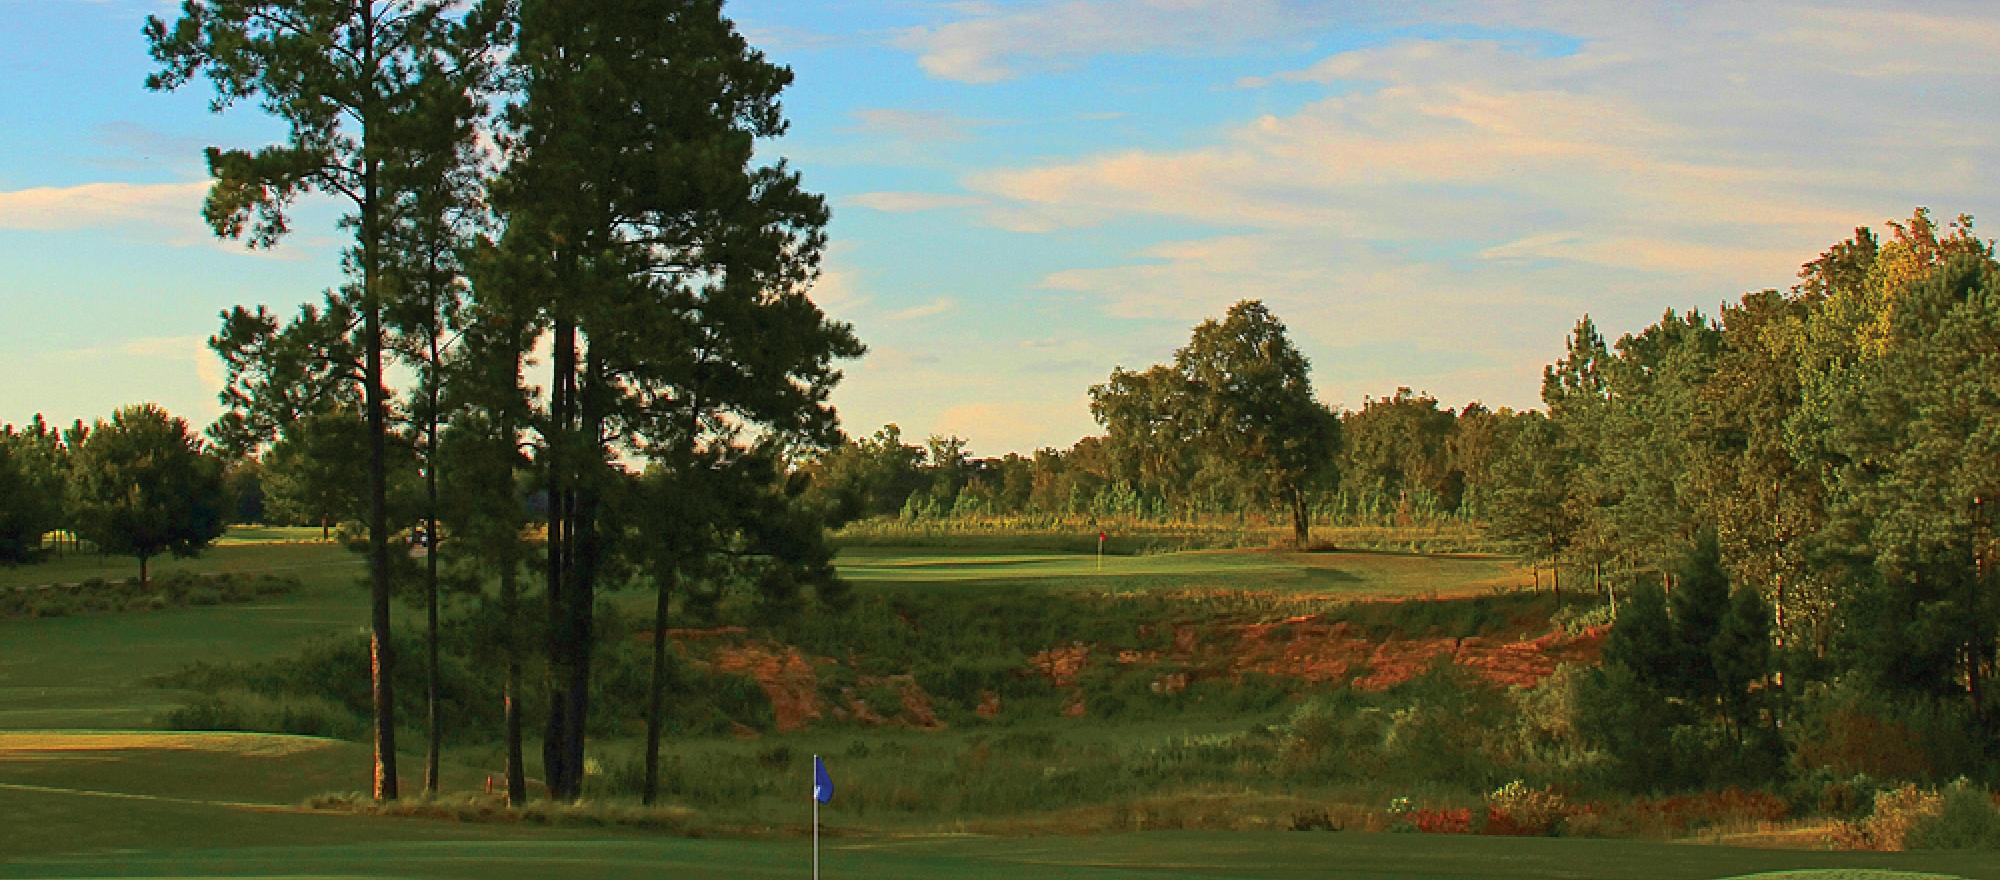 Kinderlou Forest Golf Club, Valdosta, Georgia.
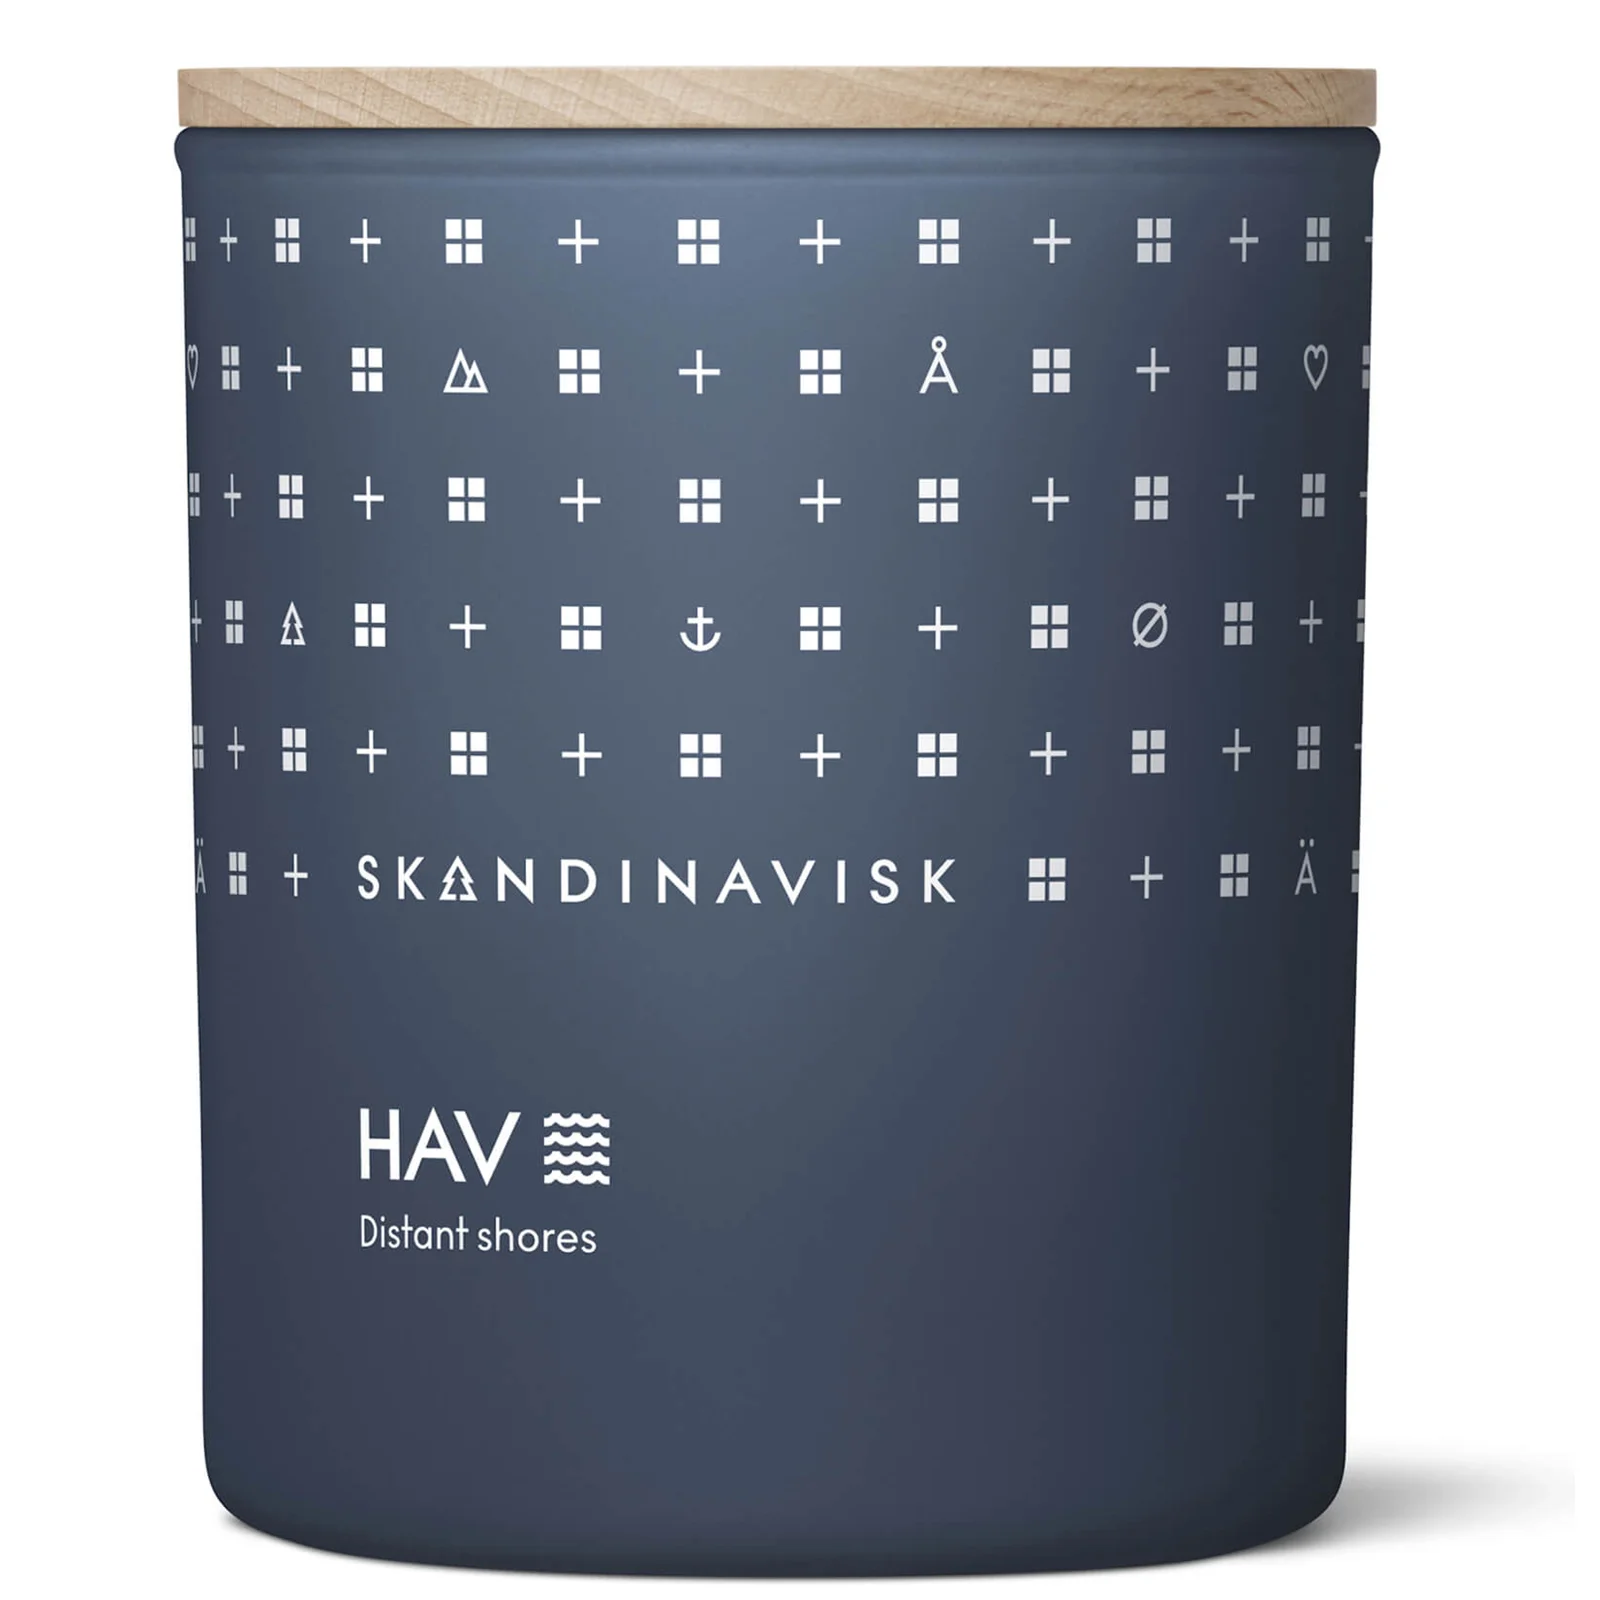 SKANDINAVISK Scented Candle - Hav Image 1
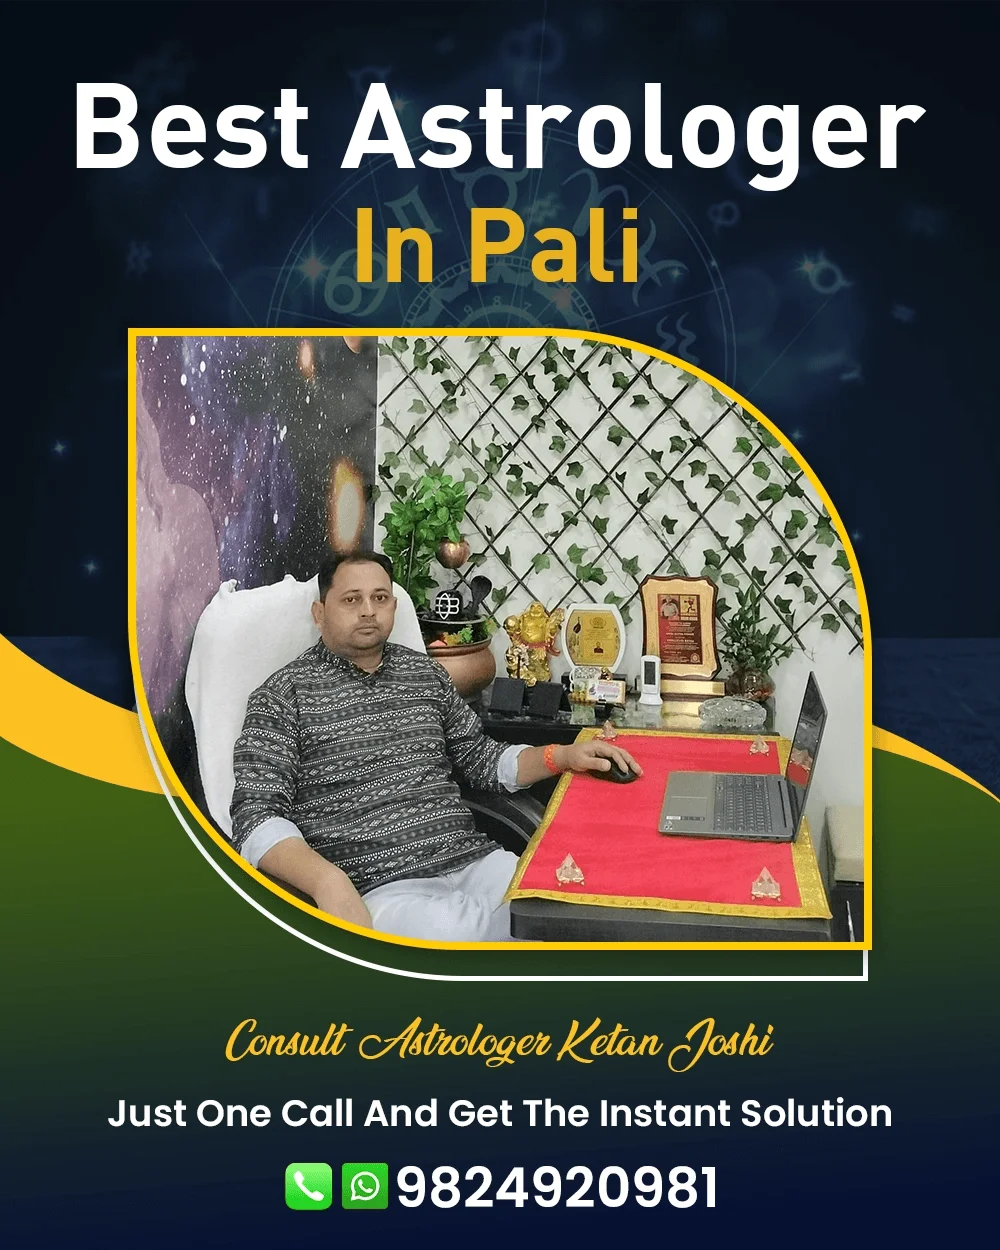 Best Astrologer In Pali

Work instruction:
Each line from the one holding "SKANDINAVISK Scented Candle - Hav Image 1" through the end of the listing is to be output exactly, both ends included, with no other lines and the pictures left out.

Response below:
 SKANDINAVISK Scented Candle - Hav Image 1
 Best Astrologer In Pali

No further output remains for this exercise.